When writing the function for tokenize_sentences() the unit tests failed on this expectation.
Wrong output values.
Expected: [[‘really’, ‘really’, ‘long’, ‘sentence’, ‘.’, ‘it’, ‘is’, ‘very’, ‘long’, ‘indeed’, ‘;’, ‘so’, ‘long’, ‘…’]]
Got: [[‘really’, ‘really’, ‘long’, ‘sentence.’, ‘it’, ‘is’, ‘very’, ‘long’, ‘indeed;’, ‘so’, ‘long…’]].
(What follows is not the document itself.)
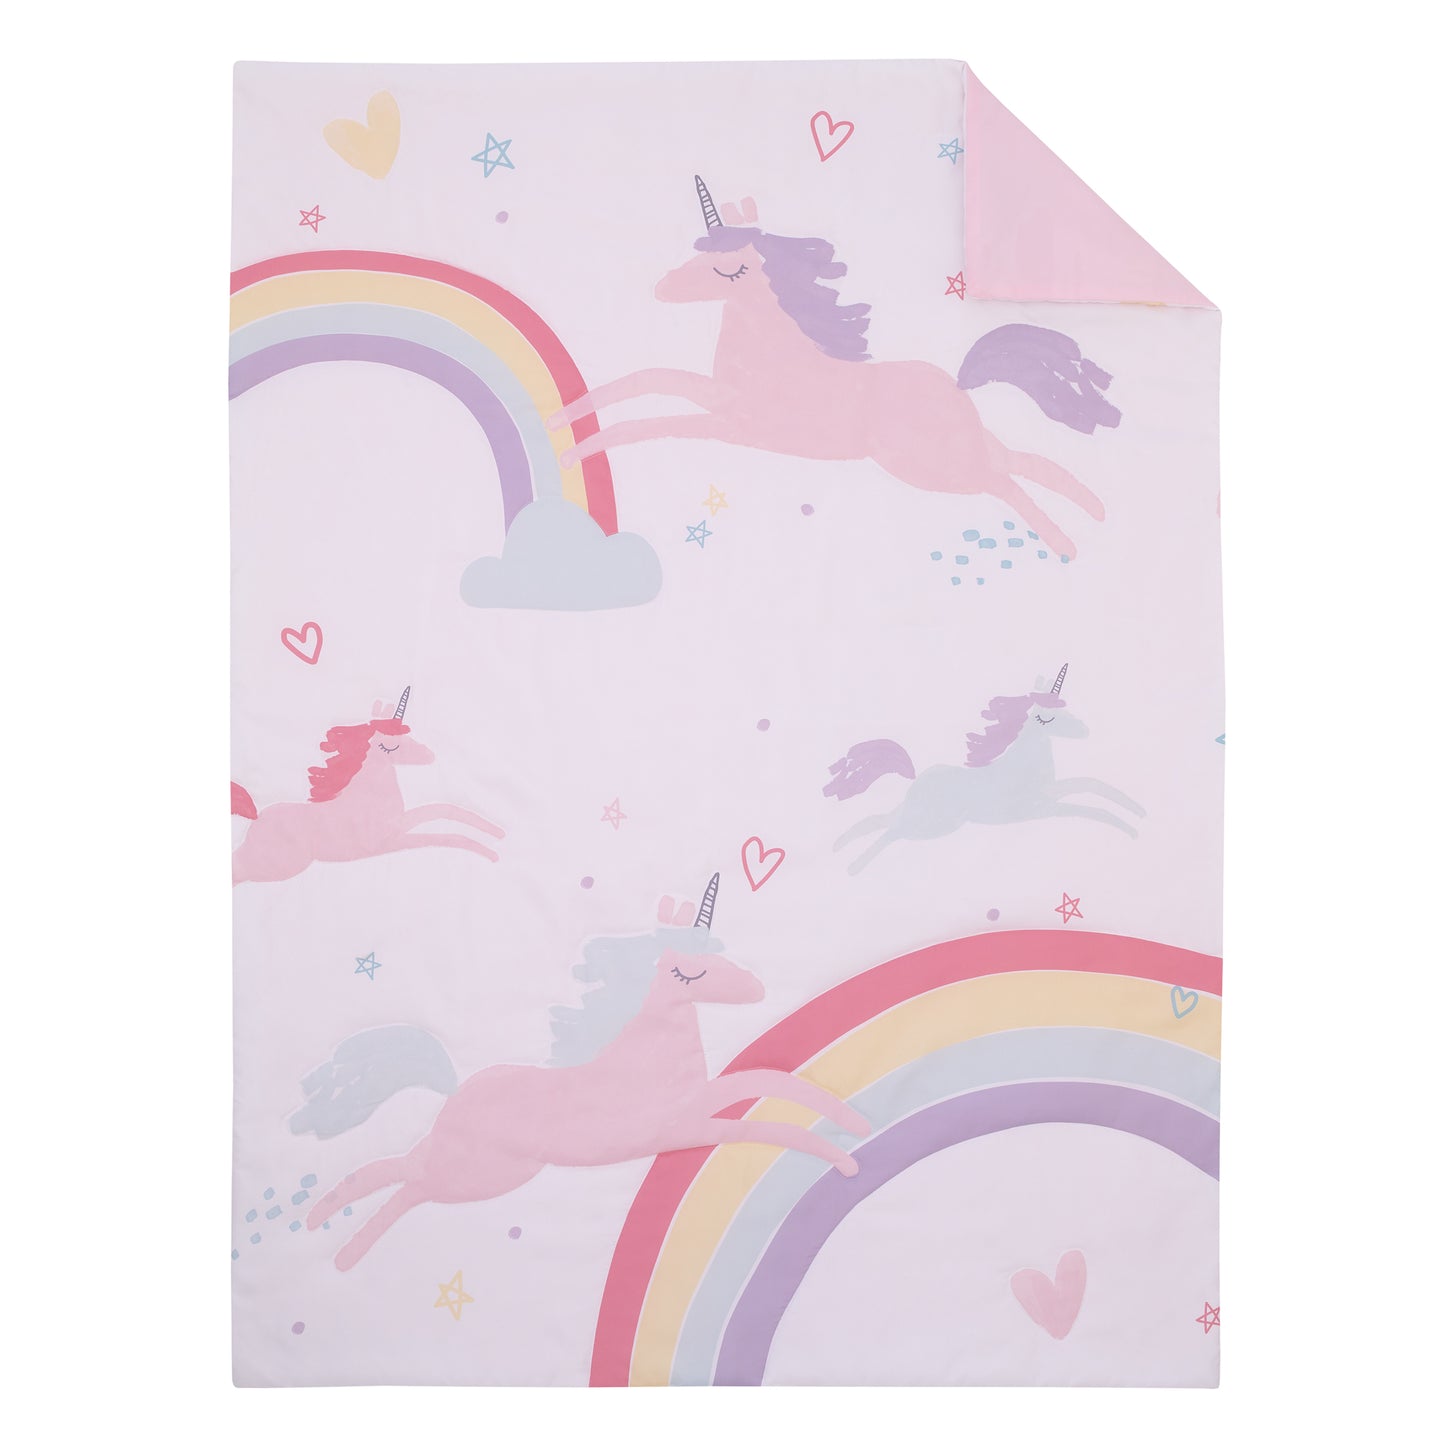 Carter's Rainbow Unicorn Pink, Purple, and Aqua Dream Big 4 Piece Toddler Bed Set - Comforter, Fitted Bottom Sheet, Flat Top Sheet, and Reversible Pillowcase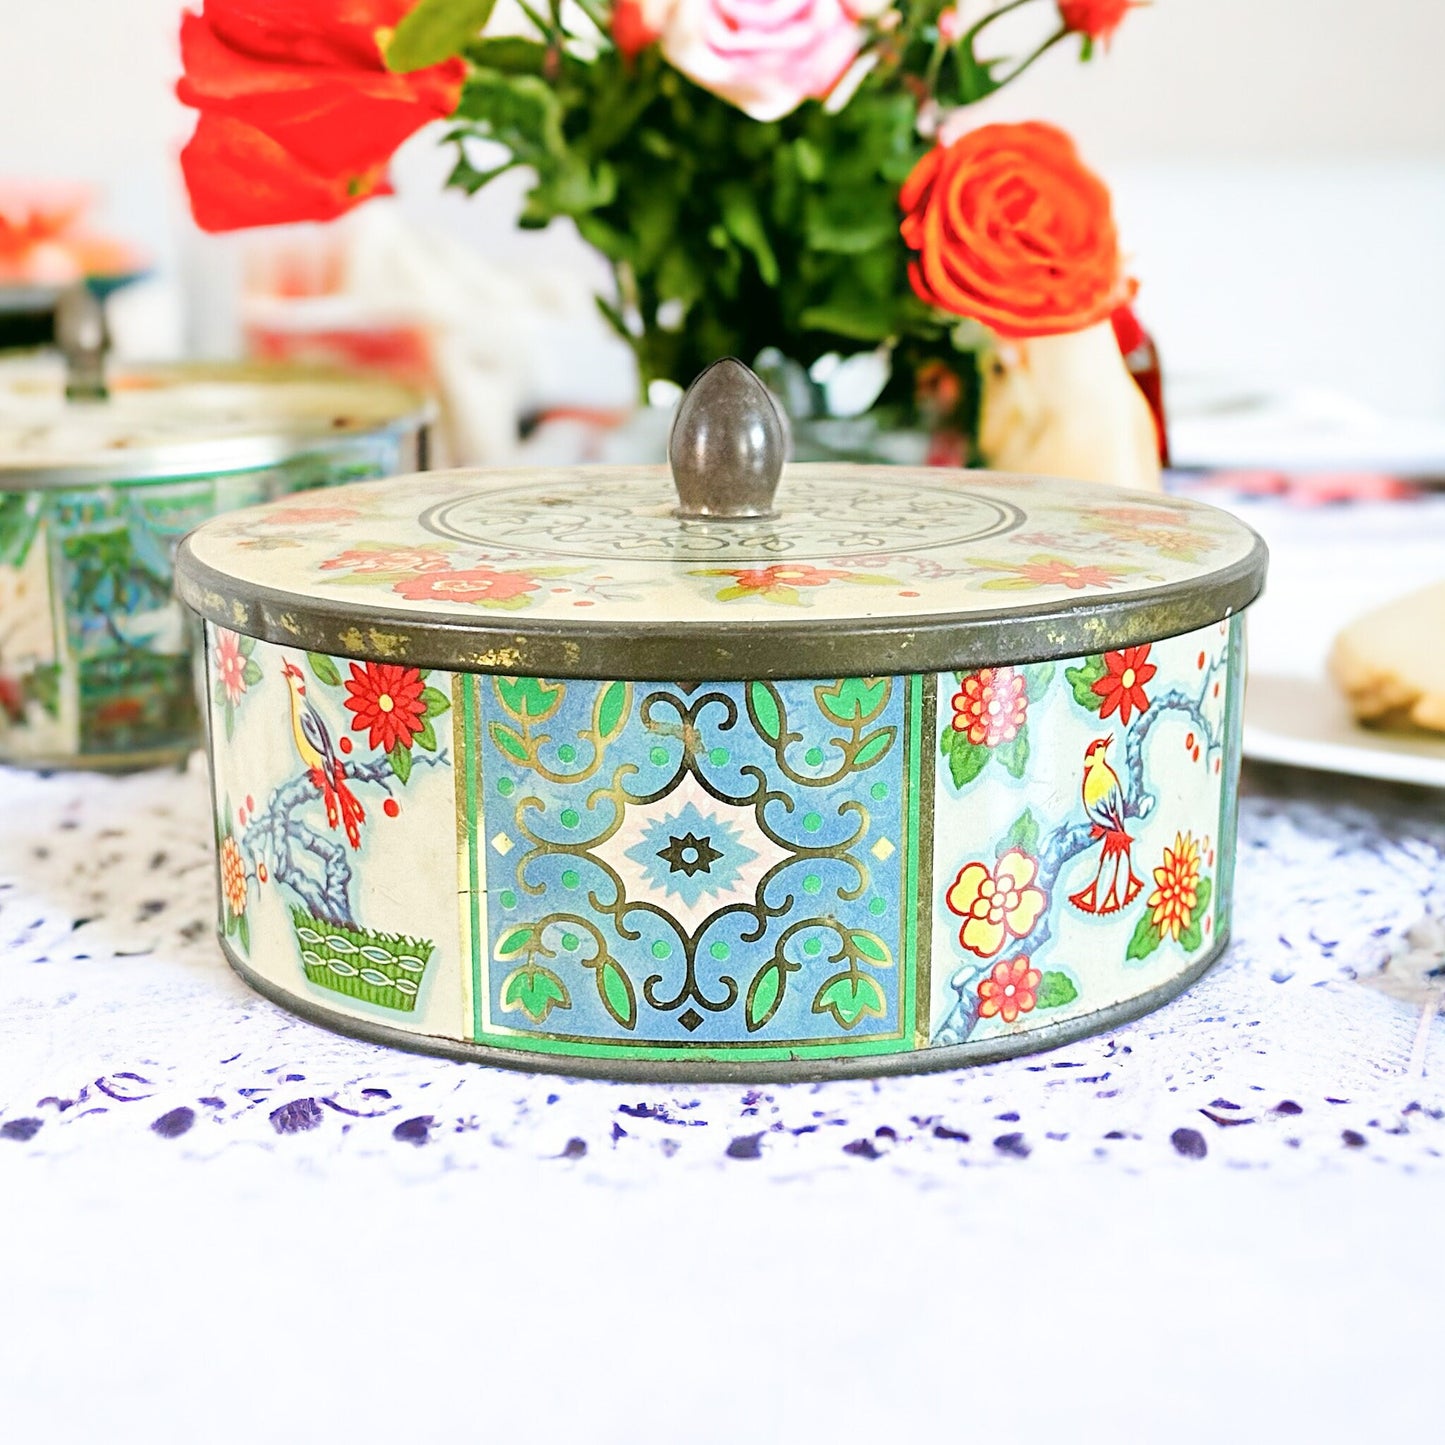 Scented Candle in Vintage Biscuit Tin

I was surprised as I don’t see how you can split the sentence keeping repeated punctuation in its own section without using the python regex library. So I added that and tests passed.
A few lines later in the assignment I see this for the expected output on the test set.
[‘that’, ‘picture’, ‘i’, ‘just’, ‘seen’, ‘whoa’, ‘dere’, ‘!’, ‘!’, ‘>’, ‘>’, ‘>’, ‘>’, ‘>’, ‘>’, ‘>’]
This seems to contradict the unit test expectation. Luckily I was able to proceed. But I am wondering what the expectation is for how the tokenize_sentences() function is supposed to split on repeated punctuation. Should it keep the exclamations together like
‘!!’ or should it split on each character like ‘!’,‘!’?